## Assignment
Exact copy, pictures excluded: write out every line below.

## Information provided

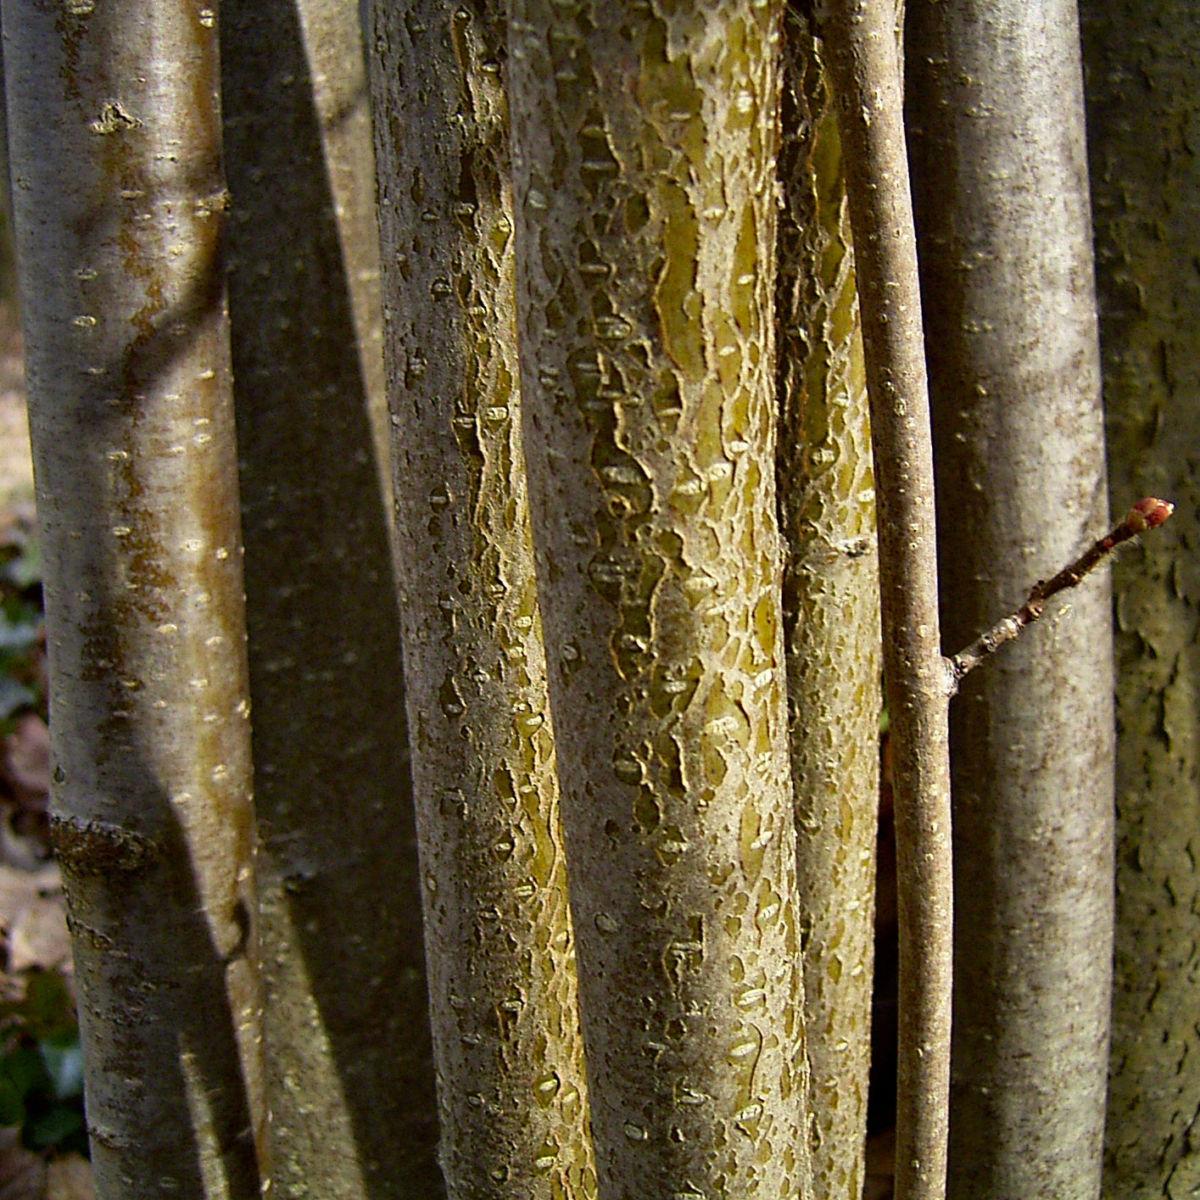 Haselnussstrauch Bluete Stamm Corylus avellana
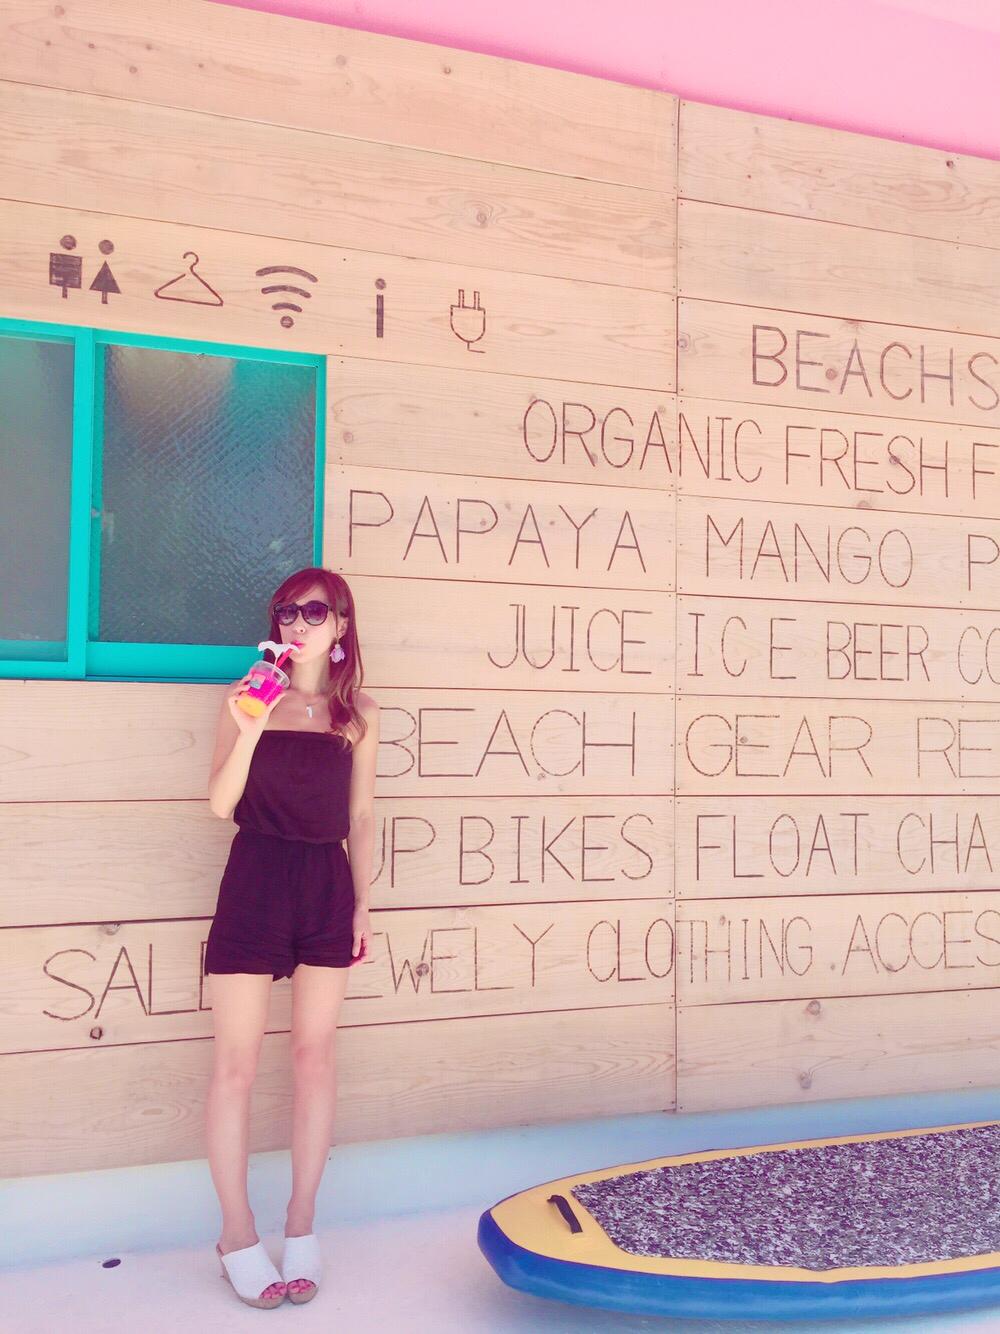 【TRIP】ほんとうは教えたくない!超フォトジェニック♡沖縄で1番すきなカフェ♡ MAGENTA n blue ♡_3
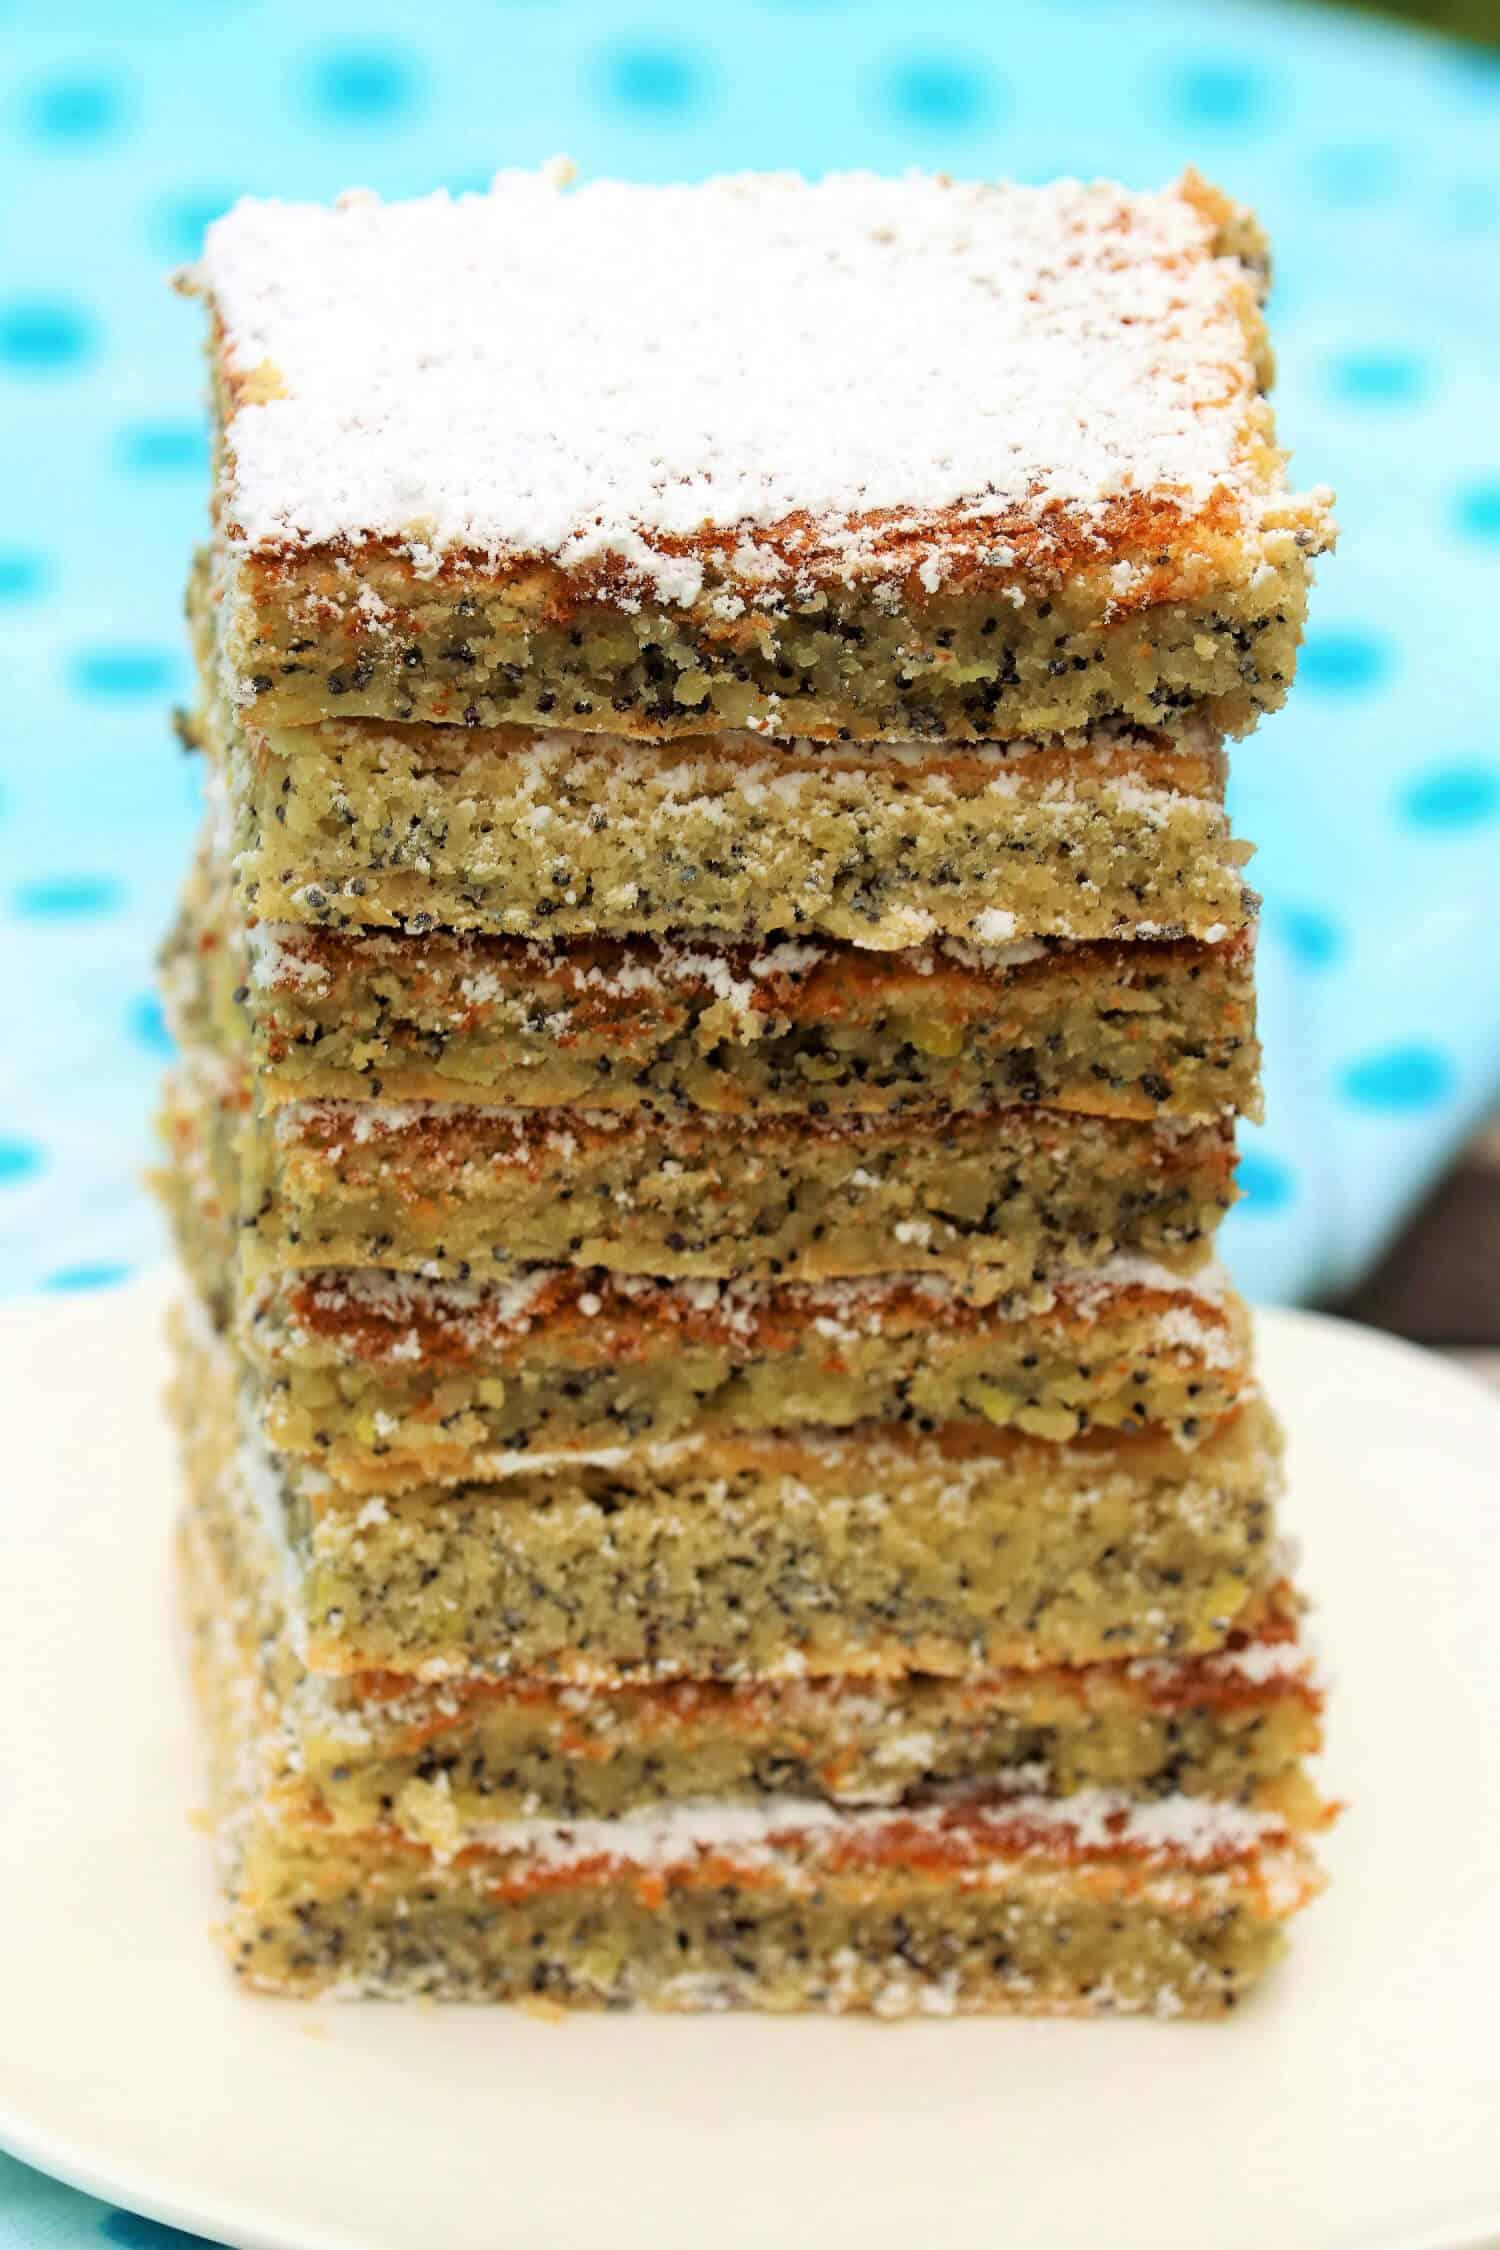 5 Zutaten Low Carb Mohnkuchen ohne Zucker backen

## Solution to the problem
 Haselnussstrauch Bluete Stamm Corylus avellana
 【TRIP】ほんとうは教えたくない!超フォトジェニック♡沖縄で1番すきなカフェ♡ MAGENTA n blue ♡_3
 5 Zutaten Low Carb Mohnkuchen ohne Zucker backen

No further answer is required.